→ GOAL OF THE EXERCISE
Only one stretch of the material below is wanted: everything from the line containing "93-3_Googleサイト用_業務依頼書テンプレート編集画面" down to the line containing "Sunset turkey point Maryland", both ends included. Repeat it exactly and skip the pictures.

→ DATA TO USE

┏━━

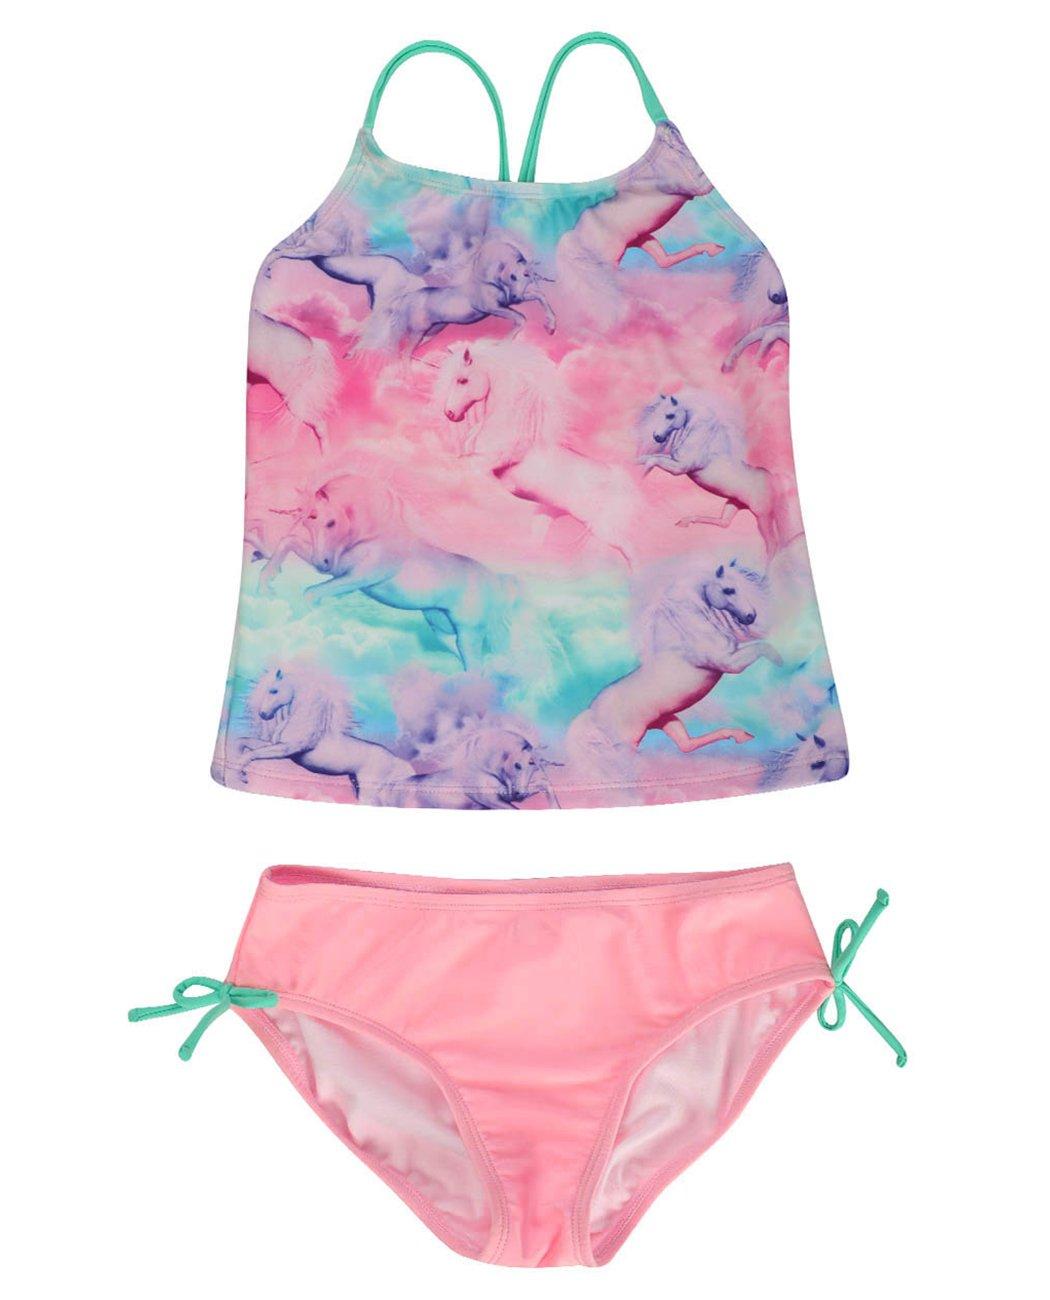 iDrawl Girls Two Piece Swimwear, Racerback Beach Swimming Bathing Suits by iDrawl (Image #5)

┗━━
┏━━

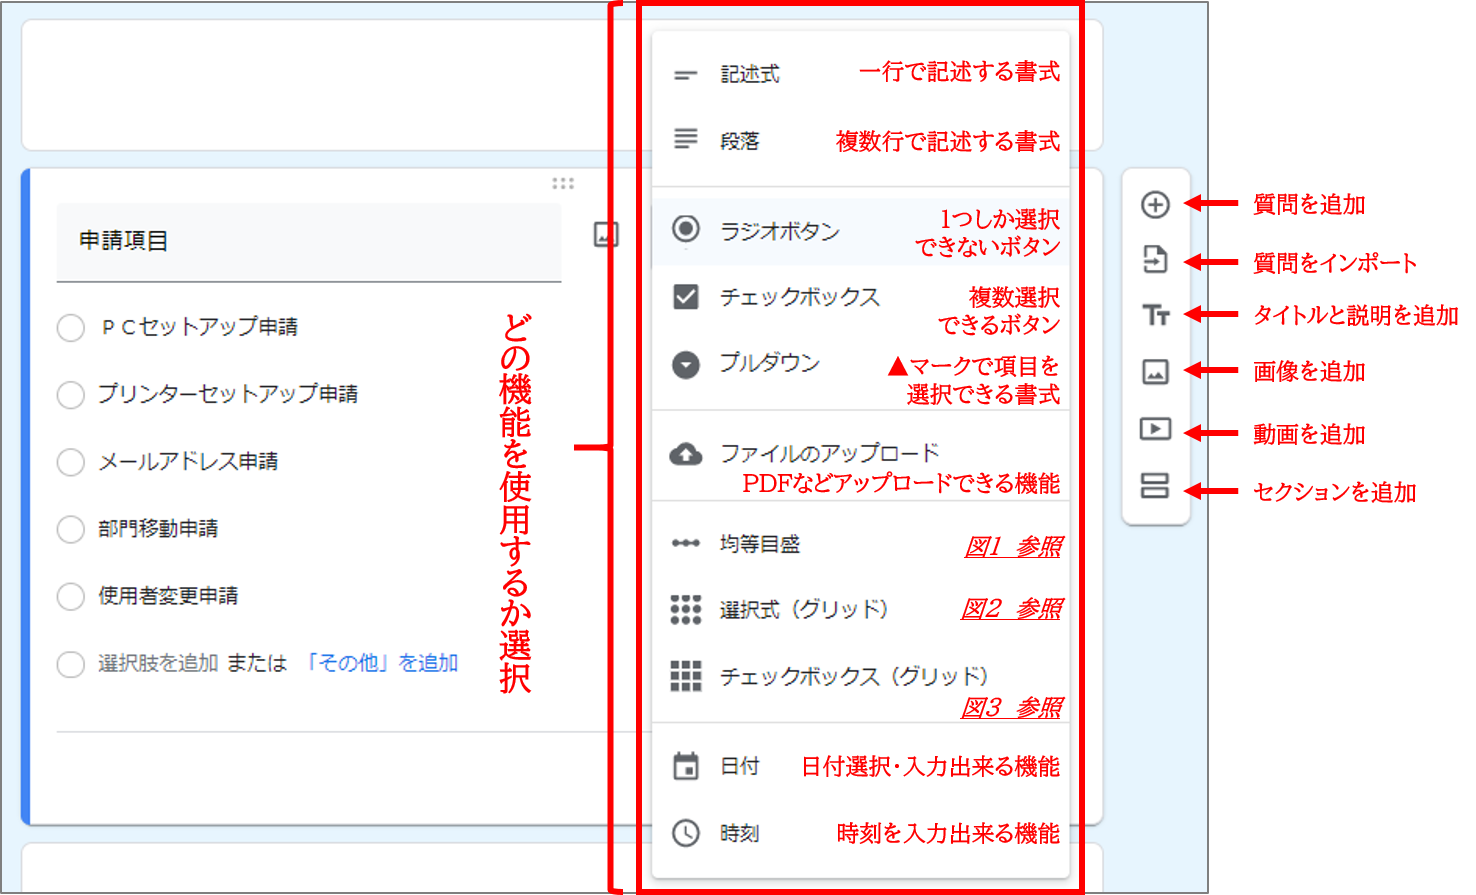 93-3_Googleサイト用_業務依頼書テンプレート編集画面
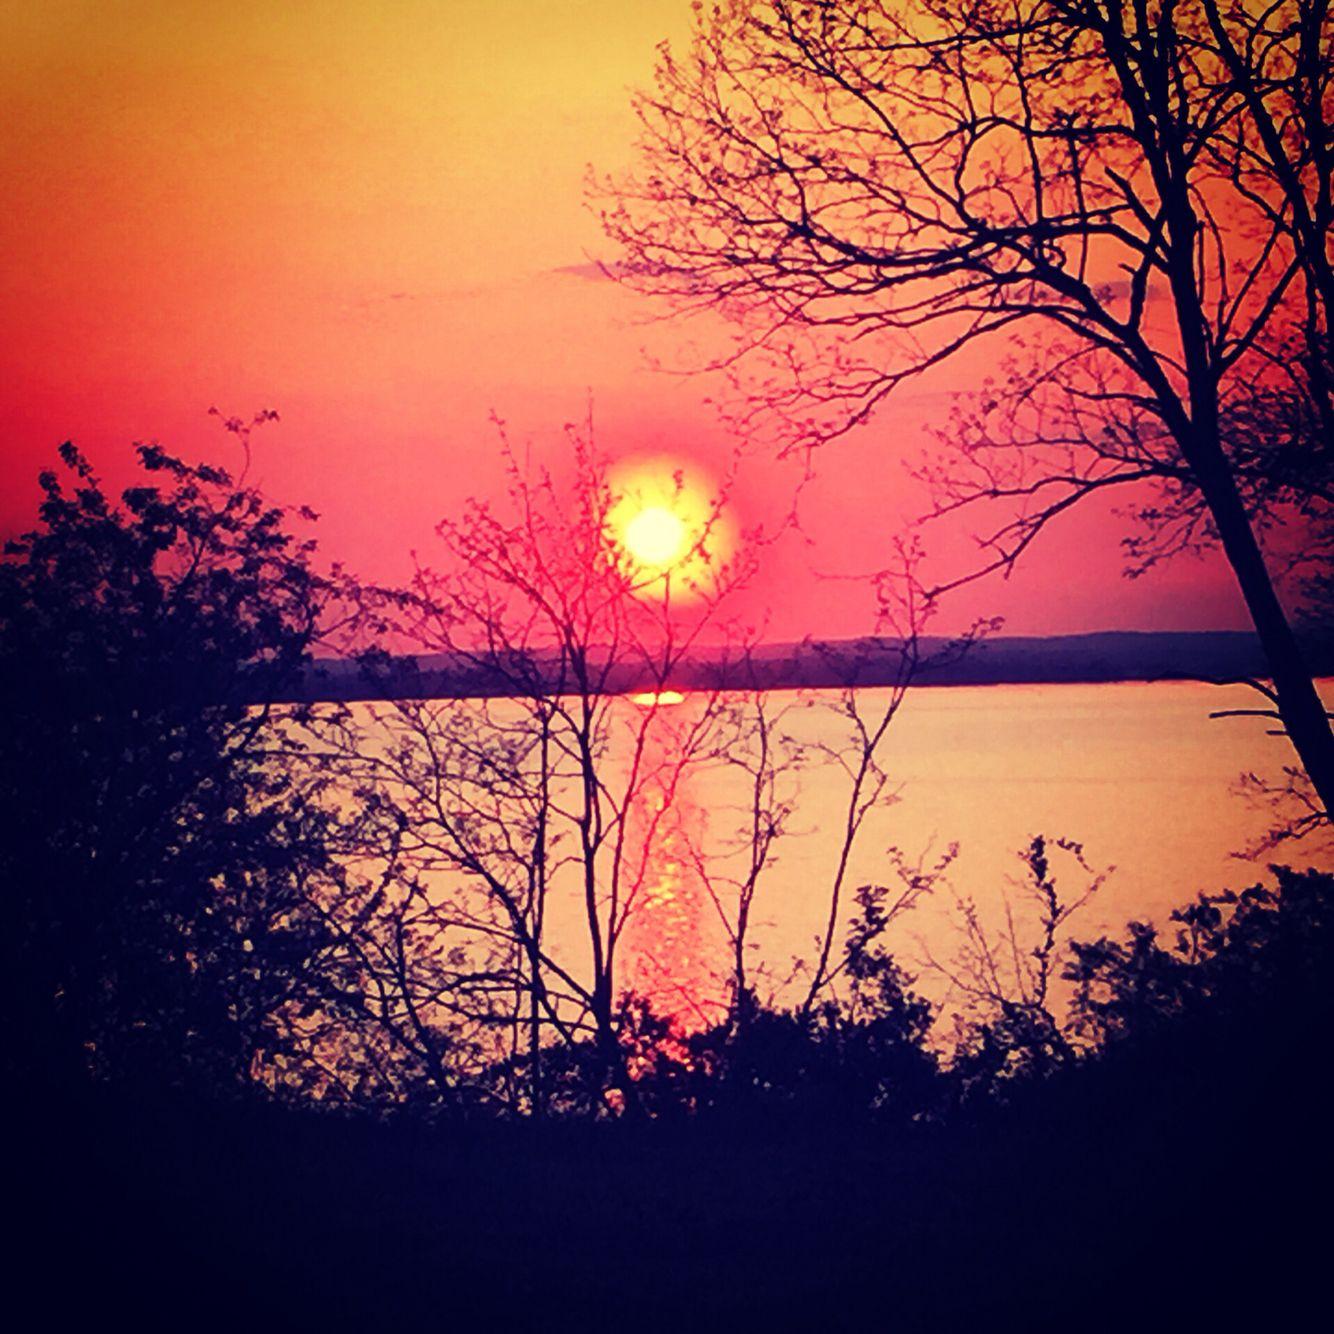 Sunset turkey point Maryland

┗━━

→ EXERCISE RESULT
 93-3_Googleサイト用_業務依頼書テンプレート編集画面
 Sunset turkey point Maryland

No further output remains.